Module: Data Protection Management

ConSense GDPR in practice

The General Data Protection Regulation (EU-GDPR) affects almost every company, as nowadays personal data are processed everywhere in some form or other. All companies and organisations that collect or process personal data must demonstrate their activities in accordance with the regulation with a comprehensible data protection concept. The implementation of the regulation is hardly possible without electronic support. With the help of our software, you can set up a transparent and reliable data protection management system that supports you in fulfilling the requirements, takes over routine activities and automates processes.
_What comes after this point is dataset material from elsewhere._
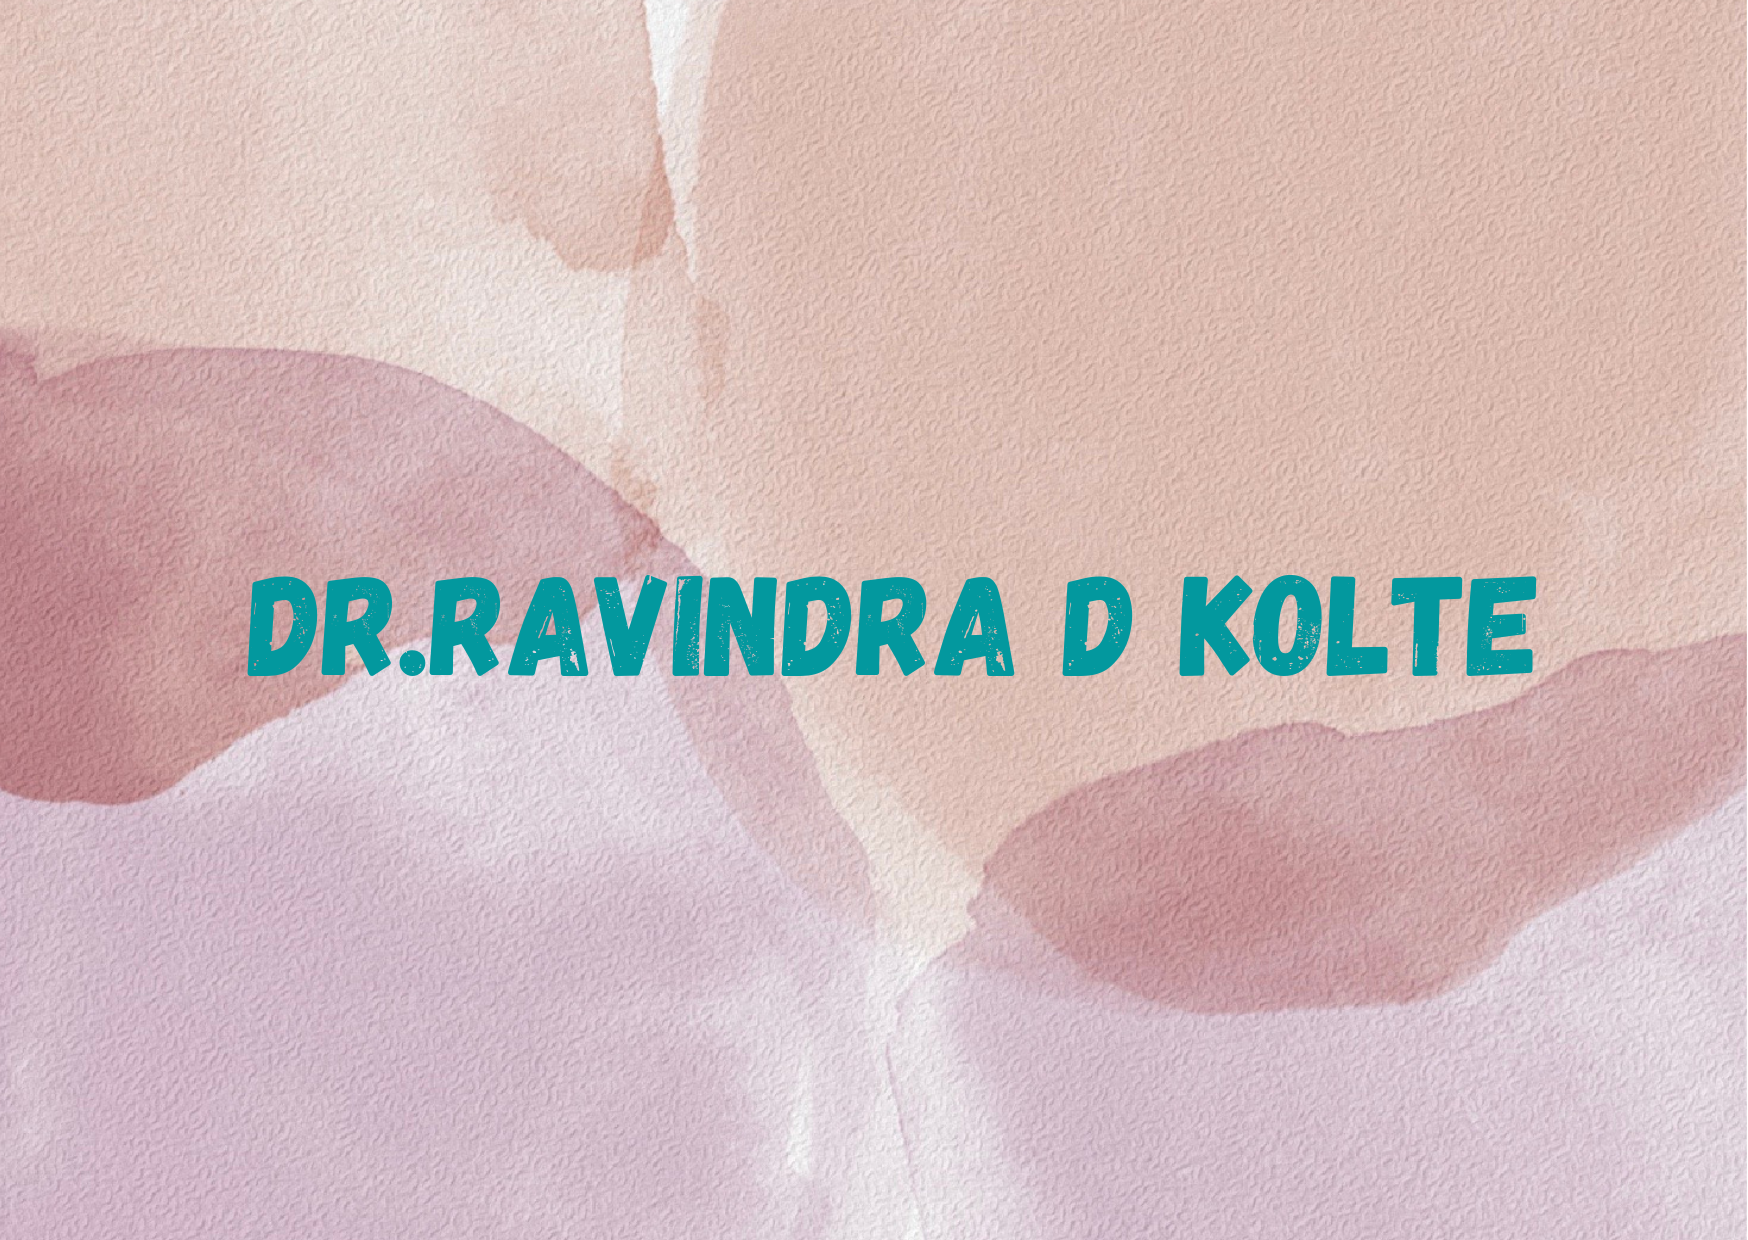 Kolte Dr Ravindra D

From Documentation Obligations to TOM and Processing Activities

ConSense GDPR supports you by establishing an automated management system that reduces time-consuming accountability tasks, including documentation and auditing. The initial collection of personal data takes place via workflow-supported form management. This data can be processed, for example, by categorisation or assignment according to protection requirement classes. By assigning the data protection-relevant information to the respective processes, the system offers various evaluation options and simplifies the creation of documents for the records of processing activities and commissioned data processing. In addition, the software supports data protection audits, including checklists and the organisation of planning, execution and follow-up of technical and organisational measures (TOM) for data security. Furthermore, ConSense GDPR can efficiently use parallels to quality management and create synergies.

Your benefits

Standard documentation and automated processes

The system takes over and automates time-consuming tasks and routine activities for fulfilling accountability, such as auditing, checking, releasing, resubmitting and recording employee knowledge.

Detailed Process Modelling 

The integrated process editor allows convenient and detailed modelling of processes, e.g. reporting or deletion processes. The organisational structure stored in the system enables exact assignment of responsibilities. 

Personal Data Aquisition

The workflow-supported forms management takes over the initial entry. For example: The data can be processed by categorisation or assignment according to protection requirement classes. 

Records of processing activity 

Information for the documents of the processing activities, commissioned data processing and the associated directories can be simply derived by the comprehensible and transparent relation between data protection-relevant contents and the respective processes.

Technical and organisational measures (TOM) 

Efficient organisation of the planning, administration, implementation and follow-up of data security measures takes place centrally in the system. 

Instructions

The system can also be used to clearly manage the verifiable performance of training courses and instructions for employees.

Data protection impact assessment (DPIA) 

Proven risk management mechanisms (assessment, risk matrix, etc.) are used to implement the DPIA.

Our solution for data protection management is available as a modular extension, as well as an independent solution: ConSense GDPR.